Get to know the people at places where children gather in a community.

Pay attention when an adult seems to use social occasions to overly focus on befriending a child, on taking a child away for special time that seems out of the ordinary.

Make unannounced visits to a child's nursery, babysitter, day care center or school. Make sure there are no places off limits to parents.

Check whether a child's school includes sex-abuse prevention training.

Don't allow a child to go alone on vacation, drive around or spend the night with someone other than those proven to be trustworthy.

Don't automatically assume that a person is trustworthy because of their position, title or working in a place where children gather.

Be open when children ask questions about sex.
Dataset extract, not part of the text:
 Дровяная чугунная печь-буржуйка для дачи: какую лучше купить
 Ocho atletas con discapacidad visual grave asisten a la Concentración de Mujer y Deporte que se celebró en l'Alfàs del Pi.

Make the answers age appropriate, but always be willing to communicate.

Children:

* Say no when something feels uncomfortable, very strange or alarming.

* Don't go along with doing something just because an adult — including a relative or family friend — says do it. This doesn't mean refuse to do household chores that other people usually do.

* Your private parts are your own. Don't let someone violate your personal space.

* A stranger who offers "cool" gifts and enticing items may be trying to lead you to a private place, including a car, where bad things could happen to you.

* Just because a person is an adult doesn't mean they have the right to do things that make you feel queasy or alarmed.

* Be alarmed if someone asks you to not tell anyone about something strange the person did to you.

* It is OK to be concerned if someone tries to lead you off alone to a private place that makes you feel uneasy.

* It isn't worth keeping a friendship if it means doing things that make you feel bad.

Source: National Catholic Risk Retention Group, Inc. and American Academy of Pediatrics.

Myths about sexual abuse:

• Most sexual abuse is perpetrated by a pedophile, a stranger lurking in the neighborhood.

• Sexual abuse is blown up in the media.

• Boys are rarely sexually abused.

• Incest is infrequent.

• Sexual abuse primarily happens in the lower class.

• Females are never abusers.

• Sexual abuse has a minor impact on children.

• Sexual abusers are usually sent to jail.

Source: Juanita Baker, director of the Family Learning Program, Melbourne. The state-funded program counsels sexually abused children and their families. Ms. Baker complied the myths from scientific research reports published around the nation.